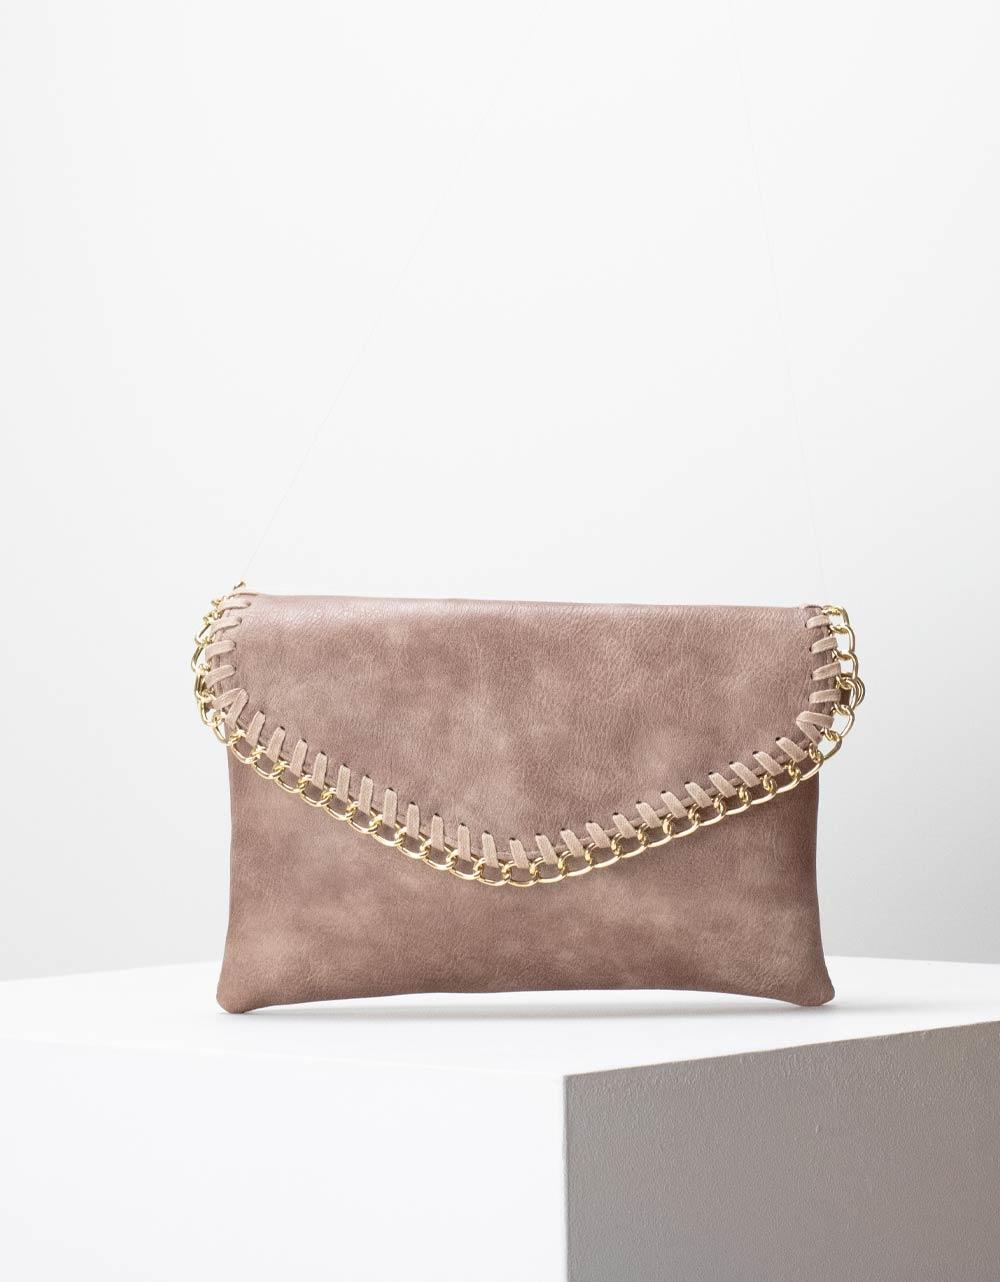 Εικόνα από Γυναικεία τσάντα ώμου με διακοσμητική αλυσίδα στο καπάκι Ροζ
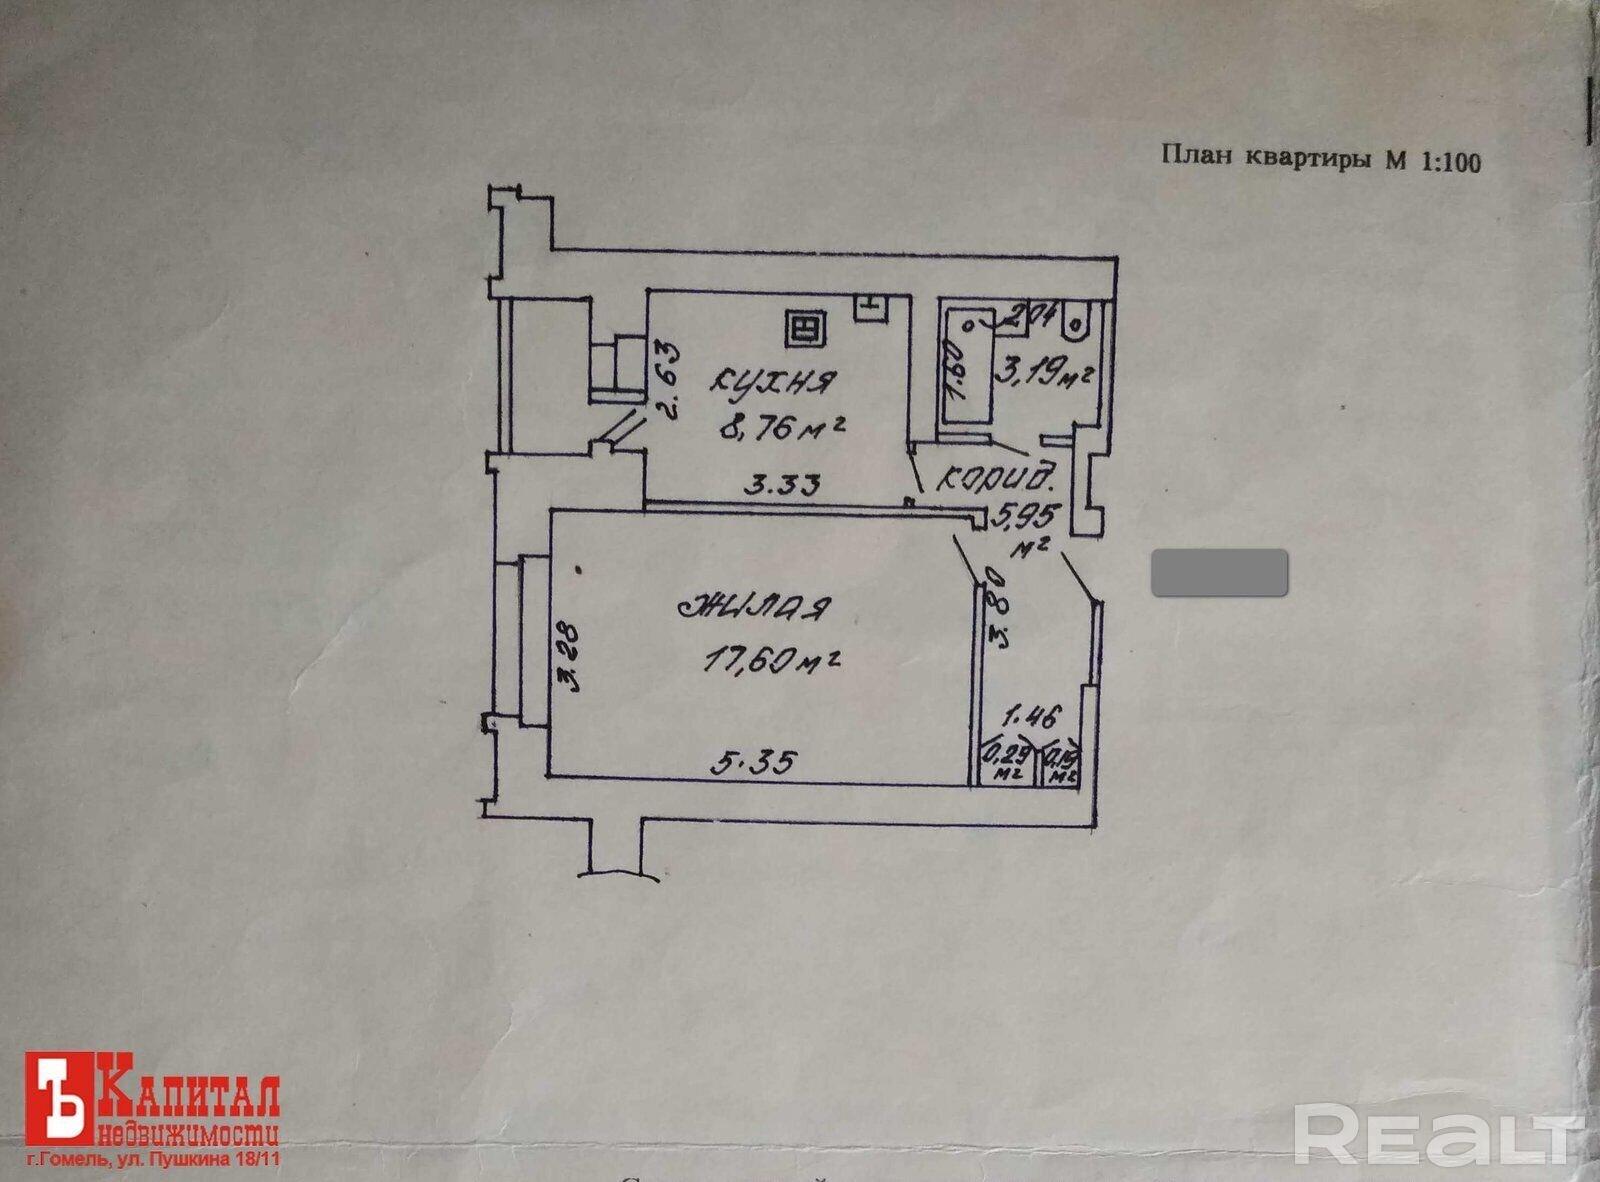 Продается однокомнатная квартира в Советском районе (ГГТУ им.П.О.Сухого)
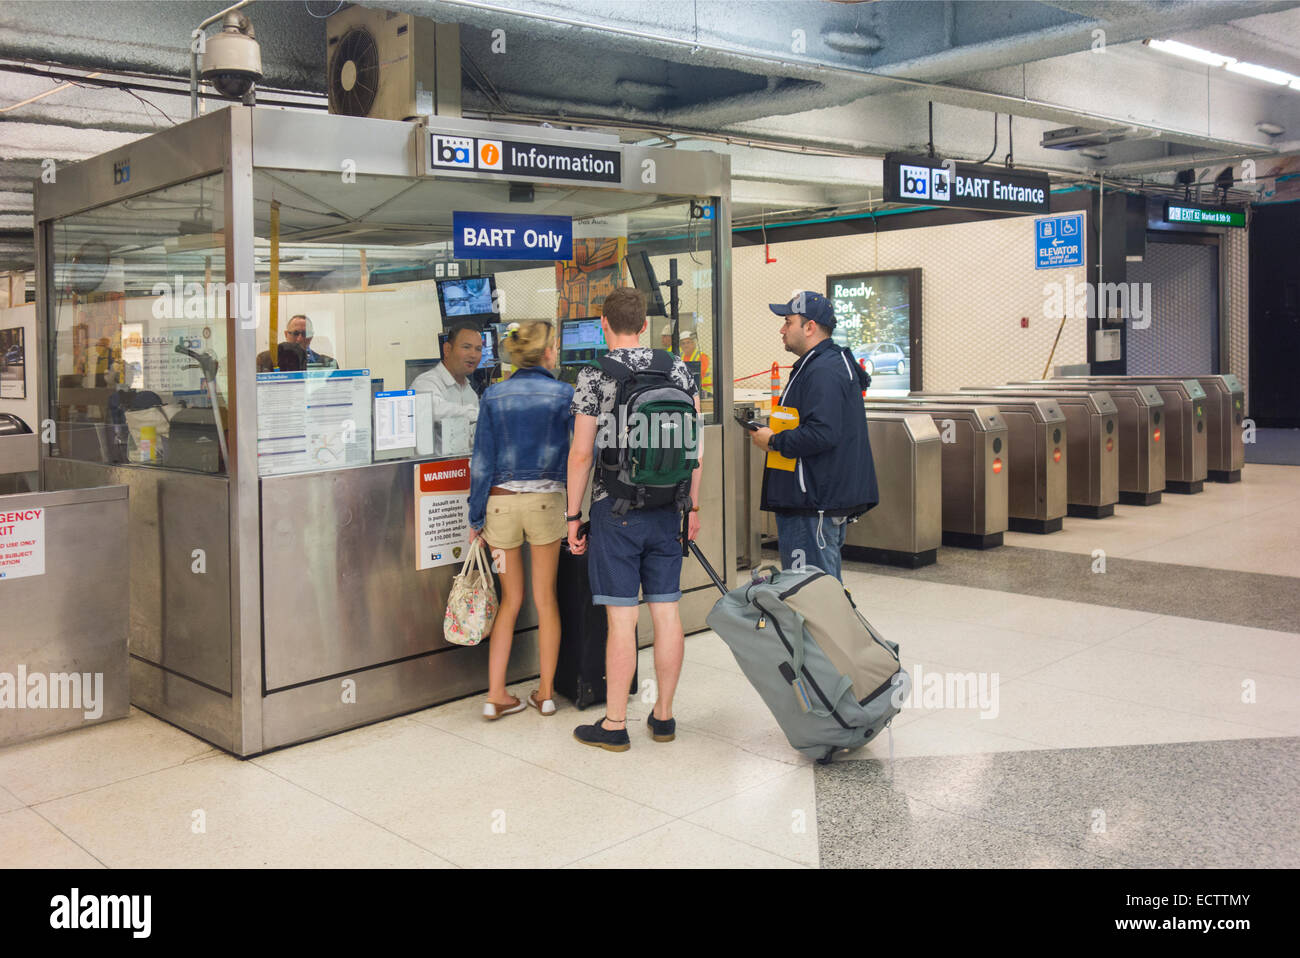 San Francisco BART subway station - Stock Image

Goal of the exercise — Return the material verbatim; the images are not to appear in the copy.

Result for this exercise —
 Εικόνα από Γυναικεία τσάντα ώμου με διακοσμητική αλυσίδα στο καπάκι Ροζ
 Продается однокомнатная квартира в Советском районе (ГГТУ им.П.О.Сухого)
 San Francisco BART subway station - Stock Image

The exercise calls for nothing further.